## Exercise inputs
------------------------------

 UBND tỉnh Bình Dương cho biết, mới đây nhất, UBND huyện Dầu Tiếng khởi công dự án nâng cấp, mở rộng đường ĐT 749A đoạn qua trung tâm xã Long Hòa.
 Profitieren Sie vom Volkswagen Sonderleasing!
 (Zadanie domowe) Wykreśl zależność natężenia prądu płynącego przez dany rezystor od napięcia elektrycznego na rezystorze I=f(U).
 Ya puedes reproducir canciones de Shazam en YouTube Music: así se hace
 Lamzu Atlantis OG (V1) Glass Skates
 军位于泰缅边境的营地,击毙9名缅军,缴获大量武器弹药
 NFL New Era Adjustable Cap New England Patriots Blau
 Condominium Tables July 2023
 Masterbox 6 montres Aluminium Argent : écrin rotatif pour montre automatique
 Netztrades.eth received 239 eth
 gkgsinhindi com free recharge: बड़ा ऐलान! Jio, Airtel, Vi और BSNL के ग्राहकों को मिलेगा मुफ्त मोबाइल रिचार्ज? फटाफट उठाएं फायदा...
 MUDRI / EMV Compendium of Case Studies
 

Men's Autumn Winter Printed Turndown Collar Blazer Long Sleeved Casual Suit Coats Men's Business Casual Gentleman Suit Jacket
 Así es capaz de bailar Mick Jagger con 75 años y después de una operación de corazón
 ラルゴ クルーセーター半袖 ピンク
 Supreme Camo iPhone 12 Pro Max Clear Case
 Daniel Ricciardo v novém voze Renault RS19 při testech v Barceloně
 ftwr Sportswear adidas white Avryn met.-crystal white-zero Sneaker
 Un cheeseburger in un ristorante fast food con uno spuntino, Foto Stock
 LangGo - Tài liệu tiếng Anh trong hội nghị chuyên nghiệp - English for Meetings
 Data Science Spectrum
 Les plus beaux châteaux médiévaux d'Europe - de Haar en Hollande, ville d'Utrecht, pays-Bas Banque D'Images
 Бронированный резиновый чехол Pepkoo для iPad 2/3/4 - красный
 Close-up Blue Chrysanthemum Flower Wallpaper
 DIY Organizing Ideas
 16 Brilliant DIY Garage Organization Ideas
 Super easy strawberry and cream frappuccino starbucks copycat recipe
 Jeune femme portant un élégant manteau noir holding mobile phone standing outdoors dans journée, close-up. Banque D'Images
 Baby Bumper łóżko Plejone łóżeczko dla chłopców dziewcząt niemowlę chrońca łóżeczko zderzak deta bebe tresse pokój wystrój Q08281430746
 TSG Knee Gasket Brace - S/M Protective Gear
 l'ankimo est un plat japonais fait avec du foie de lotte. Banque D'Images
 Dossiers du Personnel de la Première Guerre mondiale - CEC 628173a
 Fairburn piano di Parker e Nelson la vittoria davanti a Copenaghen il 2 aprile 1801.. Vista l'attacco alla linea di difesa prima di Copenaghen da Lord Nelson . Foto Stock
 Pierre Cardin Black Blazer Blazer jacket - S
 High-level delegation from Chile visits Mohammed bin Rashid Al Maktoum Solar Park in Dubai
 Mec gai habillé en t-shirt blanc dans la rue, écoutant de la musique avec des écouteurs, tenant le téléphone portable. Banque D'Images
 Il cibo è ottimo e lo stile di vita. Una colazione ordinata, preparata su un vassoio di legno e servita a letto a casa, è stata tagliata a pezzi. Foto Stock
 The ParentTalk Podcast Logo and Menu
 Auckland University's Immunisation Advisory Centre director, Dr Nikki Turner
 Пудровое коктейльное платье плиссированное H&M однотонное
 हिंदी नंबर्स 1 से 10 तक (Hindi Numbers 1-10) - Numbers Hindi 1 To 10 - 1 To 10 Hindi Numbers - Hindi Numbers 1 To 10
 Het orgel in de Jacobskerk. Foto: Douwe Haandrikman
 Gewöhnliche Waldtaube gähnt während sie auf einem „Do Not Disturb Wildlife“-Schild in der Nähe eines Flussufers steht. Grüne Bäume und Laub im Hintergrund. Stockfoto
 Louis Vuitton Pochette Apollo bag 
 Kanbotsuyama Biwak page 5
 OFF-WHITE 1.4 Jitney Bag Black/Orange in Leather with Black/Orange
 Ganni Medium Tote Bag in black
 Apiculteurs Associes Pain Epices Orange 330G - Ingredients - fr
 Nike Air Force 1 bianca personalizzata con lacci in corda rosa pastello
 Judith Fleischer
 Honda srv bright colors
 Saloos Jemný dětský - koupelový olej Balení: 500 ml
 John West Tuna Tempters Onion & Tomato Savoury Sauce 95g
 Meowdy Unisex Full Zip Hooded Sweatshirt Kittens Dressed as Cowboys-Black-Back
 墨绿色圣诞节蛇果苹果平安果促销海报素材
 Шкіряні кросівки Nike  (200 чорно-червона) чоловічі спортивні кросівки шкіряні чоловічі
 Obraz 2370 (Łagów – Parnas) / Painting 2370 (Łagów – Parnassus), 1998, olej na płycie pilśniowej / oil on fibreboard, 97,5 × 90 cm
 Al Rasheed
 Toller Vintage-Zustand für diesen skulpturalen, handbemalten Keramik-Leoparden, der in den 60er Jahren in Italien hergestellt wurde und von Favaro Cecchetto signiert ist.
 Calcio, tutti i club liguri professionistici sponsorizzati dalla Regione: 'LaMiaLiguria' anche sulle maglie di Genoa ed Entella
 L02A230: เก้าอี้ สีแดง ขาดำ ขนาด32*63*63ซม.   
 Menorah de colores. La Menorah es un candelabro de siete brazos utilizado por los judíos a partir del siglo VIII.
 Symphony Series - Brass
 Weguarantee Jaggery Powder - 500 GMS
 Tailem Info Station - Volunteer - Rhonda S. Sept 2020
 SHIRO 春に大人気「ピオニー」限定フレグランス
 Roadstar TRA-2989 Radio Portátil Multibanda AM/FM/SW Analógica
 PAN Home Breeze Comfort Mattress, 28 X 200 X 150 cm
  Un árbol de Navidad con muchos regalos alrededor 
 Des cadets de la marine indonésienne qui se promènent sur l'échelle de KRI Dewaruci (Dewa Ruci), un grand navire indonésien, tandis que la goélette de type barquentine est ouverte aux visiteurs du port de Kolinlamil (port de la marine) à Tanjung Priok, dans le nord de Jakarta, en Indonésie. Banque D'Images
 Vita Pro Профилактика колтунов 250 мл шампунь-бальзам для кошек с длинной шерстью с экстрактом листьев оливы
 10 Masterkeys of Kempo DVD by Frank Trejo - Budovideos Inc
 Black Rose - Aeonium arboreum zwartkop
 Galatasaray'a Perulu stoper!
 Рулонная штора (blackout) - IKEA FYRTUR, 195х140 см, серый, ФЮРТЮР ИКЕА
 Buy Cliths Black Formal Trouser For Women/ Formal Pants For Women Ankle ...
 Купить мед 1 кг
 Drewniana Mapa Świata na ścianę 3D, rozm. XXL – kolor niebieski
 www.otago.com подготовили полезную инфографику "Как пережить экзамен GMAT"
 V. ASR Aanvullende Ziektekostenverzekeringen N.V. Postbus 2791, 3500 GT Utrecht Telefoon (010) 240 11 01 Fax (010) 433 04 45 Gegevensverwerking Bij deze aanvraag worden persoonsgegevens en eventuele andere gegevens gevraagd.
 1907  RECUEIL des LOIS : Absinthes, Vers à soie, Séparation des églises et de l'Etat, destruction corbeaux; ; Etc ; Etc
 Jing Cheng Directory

------------------------------

## Work to be completed
The entries need to be set down again in full, with no word changed.

## Output of the exercise
 UBND tỉnh Bình Dương cho biết, mới đây nhất, UBND huyện Dầu Tiếng khởi công dự án nâng cấp, mở rộng đường ĐT 749A đoạn qua trung tâm xã Long Hòa.
 Profitieren Sie vom Volkswagen Sonderleasing!
 (Zadanie domowe) Wykreśl zależność natężenia prądu płynącego przez dany rezystor od napięcia elektrycznego na rezystorze I=f(U).
 Ya puedes reproducir canciones de Shazam en YouTube Music: así se hace
 Lamzu Atlantis OG (V1) Glass Skates
 军位于泰缅边境的营地,击毙9名缅军,缴获大量武器弹药
 NFL New Era Adjustable Cap New England Patriots Blau
 Condominium Tables July 2023
 Masterbox 6 montres Aluminium Argent : écrin rotatif pour montre automatique
 Netztrades.eth received 239 eth
 gkgsinhindi com free recharge: बड़ा ऐलान! Jio, Airtel, Vi और BSNL के ग्राहकों को मिलेगा मुफ्त मोबाइल रिचार्ज? फटाफट उठाएं फायदा...
 MUDRI / EMV Compendium of Case Studies
 

Men's Autumn Winter Printed Turndown Collar Blazer Long Sleeved Casual Suit Coats Men's Business Casual Gentleman Suit Jacket
 Así es capaz de bailar Mick Jagger con 75 años y después de una operación de corazón
 ラルゴ クルーセーター半袖 ピンク
 Supreme Camo iPhone 12 Pro Max Clear Case
 Daniel Ricciardo v novém voze Renault RS19 při testech v Barceloně
 ftwr Sportswear adidas white Avryn met.-crystal white-zero Sneaker
 Un cheeseburger in un ristorante fast food con uno spuntino, Foto Stock
 LangGo - Tài liệu tiếng Anh trong hội nghị chuyên nghiệp - English for Meetings
 Data Science Spectrum
 Les plus beaux châteaux médiévaux d'Europe - de Haar en Hollande, ville d'Utrecht, pays-Bas Banque D'Images
 Бронированный резиновый чехол Pepkoo для iPad 2/3/4 - красный
 Close-up Blue Chrysanthemum Flower Wallpaper
 DIY Organizing Ideas
 16 Brilliant DIY Garage Organization Ideas
 Super easy strawberry and cream frappuccino starbucks copycat recipe
 Jeune femme portant un élégant manteau noir holding mobile phone standing outdoors dans journée, close-up. Banque D'Images
 Baby Bumper łóżko Plejone łóżeczko dla chłopców dziewcząt niemowlę chrońca łóżeczko zderzak deta bebe tresse pokój wystrój Q08281430746
 TSG Knee Gasket Brace - S/M Protective Gear
 l'ankimo est un plat japonais fait avec du foie de lotte. Banque D'Images
 Dossiers du Personnel de la Première Guerre mondiale - CEC 628173a
 Fairburn piano di Parker e Nelson la vittoria davanti a Copenaghen il 2 aprile 1801.. Vista l'attacco alla linea di difesa prima di Copenaghen da Lord Nelson . Foto Stock
 Pierre Cardin Black Blazer Blazer jacket - S
 High-level delegation from Chile visits Mohammed bin Rashid Al Maktoum Solar Park in Dubai
 Mec gai habillé en t-shirt blanc dans la rue, écoutant de la musique avec des écouteurs, tenant le téléphone portable. Banque D'Images
 Il cibo è ottimo e lo stile di vita. Una colazione ordinata, preparata su un vassoio di legno e servita a letto a casa, è stata tagliata a pezzi. Foto Stock
 The ParentTalk Podcast Logo and Menu
 Auckland University's Immunisation Advisory Centre director, Dr Nikki Turner
 Пудровое коктейльное платье плиссированное H&M однотонное
 हिंदी नंबर्स 1 से 10 तक (Hindi Numbers 1-10) - Numbers Hindi 1 To 10 - 1 To 10 Hindi Numbers - Hindi Numbers 1 To 10
 Het orgel in de Jacobskerk. Foto: Douwe Haandrikman
 Gewöhnliche Waldtaube gähnt während sie auf einem „Do Not Disturb Wildlife“-Schild in der Nähe eines Flussufers steht. Grüne Bäume und Laub im Hintergrund. Stockfoto
 Louis Vuitton Pochette Apollo bag 
 Kanbotsuyama Biwak page 5
 OFF-WHITE 1.4 Jitney Bag Black/Orange in Leather with Black/Orange
 Ganni Medium Tote Bag in black
 Apiculteurs Associes Pain Epices Orange 330G - Ingredients - fr
 Nike Air Force 1 bianca personalizzata con lacci in corda rosa pastello
 Judith Fleischer
 Honda srv bright colors
 Saloos Jemný dětský - koupelový olej Balení: 500 ml
 John West Tuna Tempters Onion & Tomato Savoury Sauce 95g
 Meowdy Unisex Full Zip Hooded Sweatshirt Kittens Dressed as Cowboys-Black-Back
 墨绿色圣诞节蛇果苹果平安果促销海报素材
 Шкіряні кросівки Nike  (200 чорно-червона) чоловічі спортивні кросівки шкіряні чоловічі
 Obraz 2370 (Łagów – Parnas) / Painting 2370 (Łagów – Parnassus), 1998, olej na płycie pilśniowej / oil on fibreboard, 97,5 × 90 cm
 Al Rasheed
 Toller Vintage-Zustand für diesen skulpturalen, handbemalten Keramik-Leoparden, der in den 60er Jahren in Italien hergestellt wurde und von Favaro Cecchetto signiert ist.
 Calcio, tutti i club liguri professionistici sponsorizzati dalla Regione: 'LaMiaLiguria' anche sulle maglie di Genoa ed Entella
 L02A230: เก้าอี้ สีแดง ขาดำ ขนาด32*63*63ซม.   
 Menorah de colores. La Menorah es un candelabro de siete brazos utilizado por los judíos a partir del siglo VIII.
 Symphony Series - Brass
 Weguarantee Jaggery Powder - 500 GMS
 Tailem Info Station - Volunteer - Rhonda S. Sept 2020
 SHIRO 春に大人気「ピオニー」限定フレグランス
 Roadstar TRA-2989 Radio Portátil Multibanda AM/FM/SW Analógica
 PAN Home Breeze Comfort Mattress, 28 X 200 X 150 cm
  Un árbol de Navidad con muchos regalos alrededor 
 Des cadets de la marine indonésienne qui se promènent sur l'échelle de KRI Dewaruci (Dewa Ruci), un grand navire indonésien, tandis que la goélette de type barquentine est ouverte aux visiteurs du port de Kolinlamil (port de la marine) à Tanjung Priok, dans le nord de Jakarta, en Indonésie. Banque D'Images
 Vita Pro Профилактика колтунов 250 мл шампунь-бальзам для кошек с длинной шерстью с экстрактом листьев оливы
 10 Masterkeys of Kempo DVD by Frank Trejo - Budovideos Inc
 Black Rose - Aeonium arboreum zwartkop
 Galatasaray'a Perulu stoper!
 Рулонная штора (blackout) - IKEA FYRTUR, 195х140 см, серый, ФЮРТЮР ИКЕА
 Buy Cliths Black Formal Trouser For Women/ Formal Pants For Women Ankle ...
 Купить мед 1 кг
 Drewniana Mapa Świata na ścianę 3D, rozm. XXL – kolor niebieski
 www.otago.com подготовили полезную инфографику "Как пережить экзамен GMAT"
 V. ASR Aanvullende Ziektekostenverzekeringen N.V. Postbus 2791, 3500 GT Utrecht Telefoon (010) 240 11 01 Fax (010) 433 04 45 Gegevensverwerking Bij deze aanvraag worden persoonsgegevens en eventuele andere gegevens gevraagd.
 1907  RECUEIL des LOIS : Absinthes, Vers à soie, Séparation des églises et de l'Etat, destruction corbeaux; ; Etc ; Etc
 Jing Cheng Directory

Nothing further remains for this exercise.